This document outlines the system architecture, technical decisions, and maintenance procedures for the Drawboard Master ↔ Restricted Database Sync system.
Project Context
Key Requirements:
- Master database visible only to Alistair
- Each restricted user gets their own separate database
- Restricted users see only their own records (filtered by "Person Responsible" or similar property)
- Changes in Restricted databases sync to Master
- Optionally: Changes in Master sync down to relevant Restricted databases (bi-directional)
- Some properties sync (e.g., "Contractor Notes"), others stay local (e.g., "Internal Notes")
Client Setup:
- Alistair has created Make.com account
- Make invite sent to [email protected]
- Flexible schema during build phase; locked once live
Scaling Strategy (Dynamic Database Search)
We have moved away from hardcoded routers for each user. The system now uses a Dynamic Search strategy.
- Logic: The Make scenario reads the
Person Responsible name (e.g., "Mitchell") and searches for a Notion Database named Restricted - name.
- Benefit: Zero-touch scaling.
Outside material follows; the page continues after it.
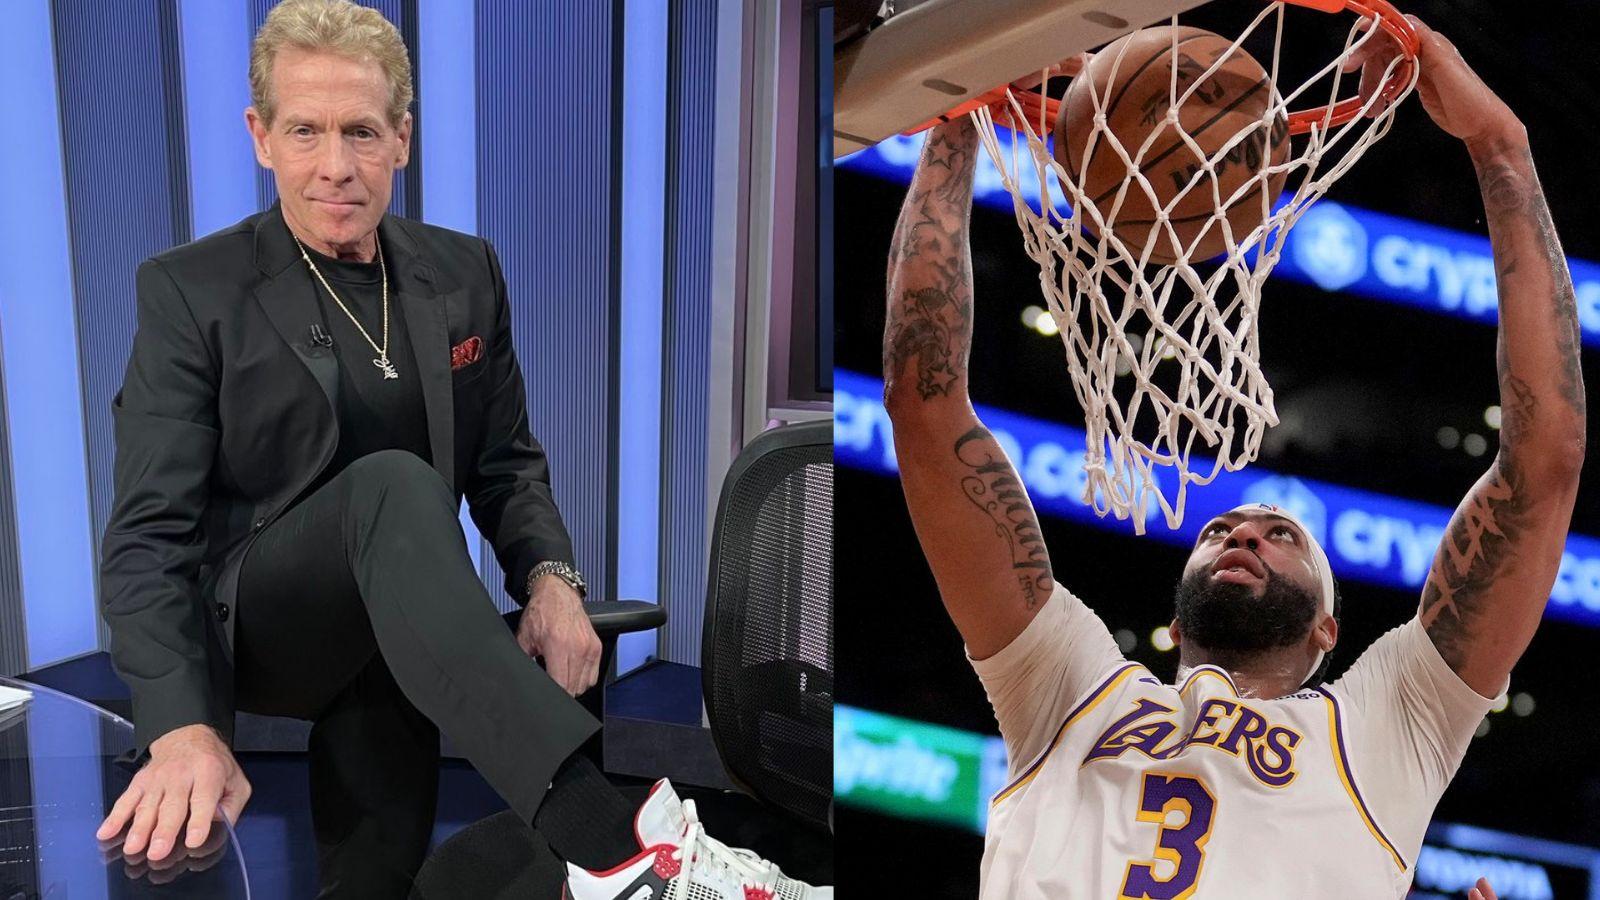 Skip Bayless on the set of FS1's "Undisputed," (left) and Anthony Davis dunking in a game for the Los Angeles Lakers.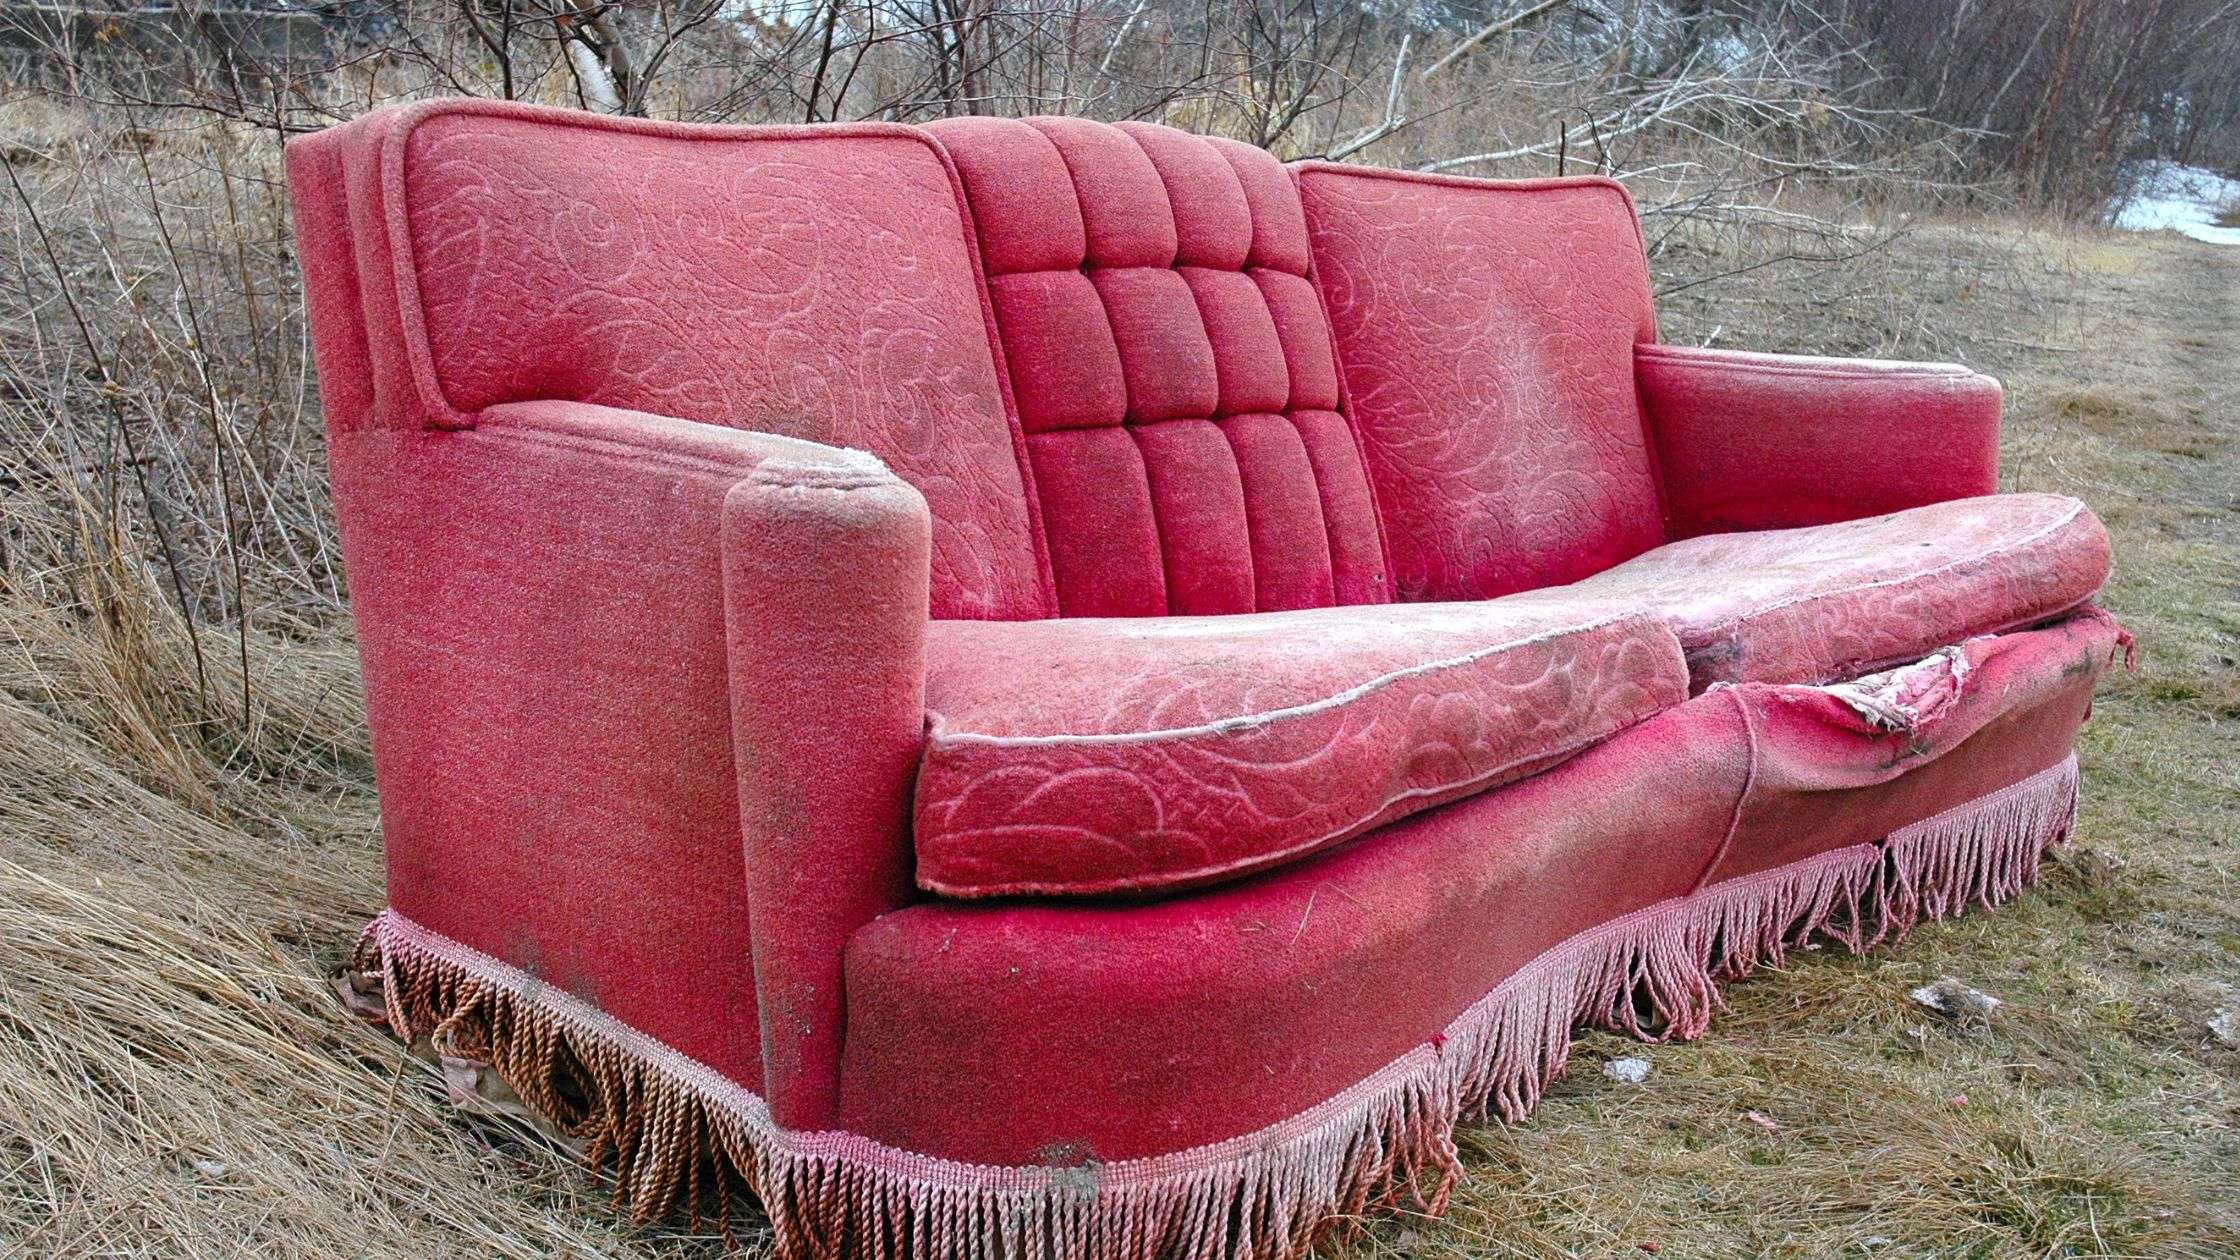 Some Tips On Getting Rid Of Your Old Couch

To add a new user, the client simply duplicates the Restricted Template, renames it
Restricted - {Name}, and adds the name to the Person Responsible property options. No Make scenario edits are required.
Technical Decisions
- Sync architecture:
- Using completely separate Notion databases (not views) to enforce true data isolation
- Make.com as the bridge between Master and Restricted databases
- Native Notion automations trigger Make webhooks (avoids polling, reduces Make operations)
- Concurrency control:
- Enable "Sequential processing" in Make.com scenario settings.
- Ensures each run finishes completely before the next starts (FIFO queue).
- Critical for preventing race conditions and ensuring atomic updates, preventing rapid-fire edits from overlapping.